In case of custom nvcc compiler you also have to set `CUDA_TOOLKIT_ROOT_DIR` variable in `inference_lib/pyproject.toml`.

In [1]:
# the %env below are for Yandex env, remove or replace it with your own
%env CUDA_VISIBLE_DEVICES=1
%env HF_HOME=/mnt/LLM
%env OMP_NUM_THREADS=16
# Use %env below in case you need a proxy to access HF Hub
# %env http_proxy=proxy_address:port
# %env https_proxy=proxy_address:port

import sys; sys.path.insert(0, "../.");

import torch
import transformers
from IPython.display import display, Markdown, clear_output
from typing import Sequence

from async_reasoning.async_reasoning_prompting import AsyncReasoningPrompting
from async_reasoning.async_reasoning_cache_fast_kernels import State, AsyncReasoningCacheFastKernels
from hogwild.attention import model_surgery

import logging
logger = logging.getLogger(__name__)
logging.basicConfig(filename='demo.log', encoding='utf-8', level=logging.DEBUG)

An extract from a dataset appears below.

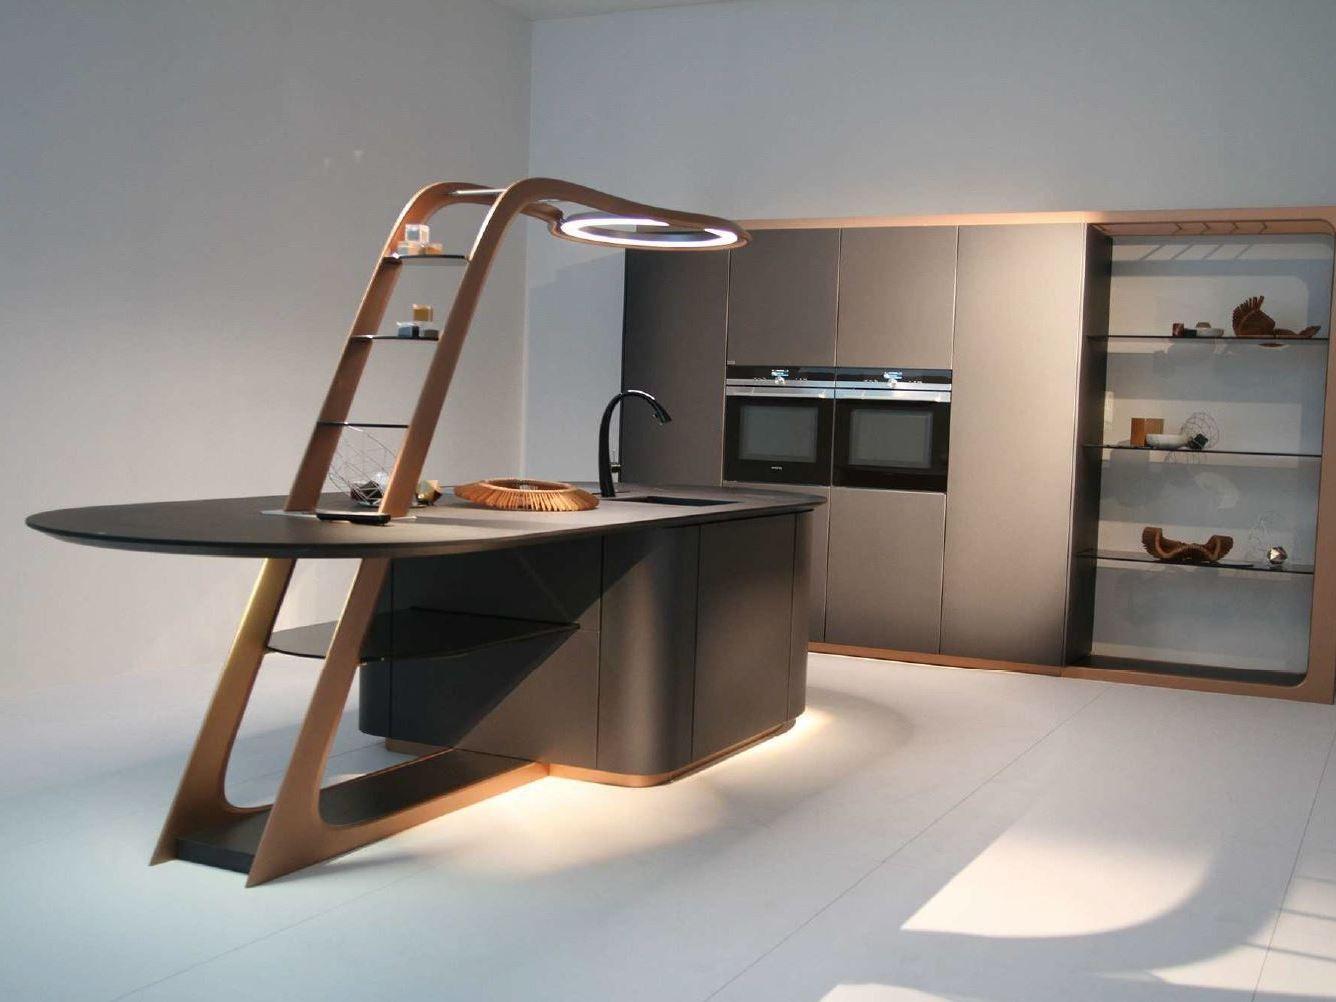 Cuisine laqu e avec lot aria by snaidero for Cuisine 3d solidworks

MODEL_NAME = "Qwen/Qwen3-32B"  # for 48GB gpus, use "Qwen/Qwen3-32B-AWQ" instead
device = torch.device('cuda' if torch.cuda.is_available() else 'cpu')
tokenizer = transformers.AutoTokenizer.from_pretrained(MODEL_NAME)
model = transformers.AutoModelForCausalLM.from_pretrained(
    MODEL_NAME, torch_dtype='auto', low_cpu_mem_usage=True, device_map=device,
    # Use eager PyTorch attention implementation for debugging
    # attn_implementation="eager"
)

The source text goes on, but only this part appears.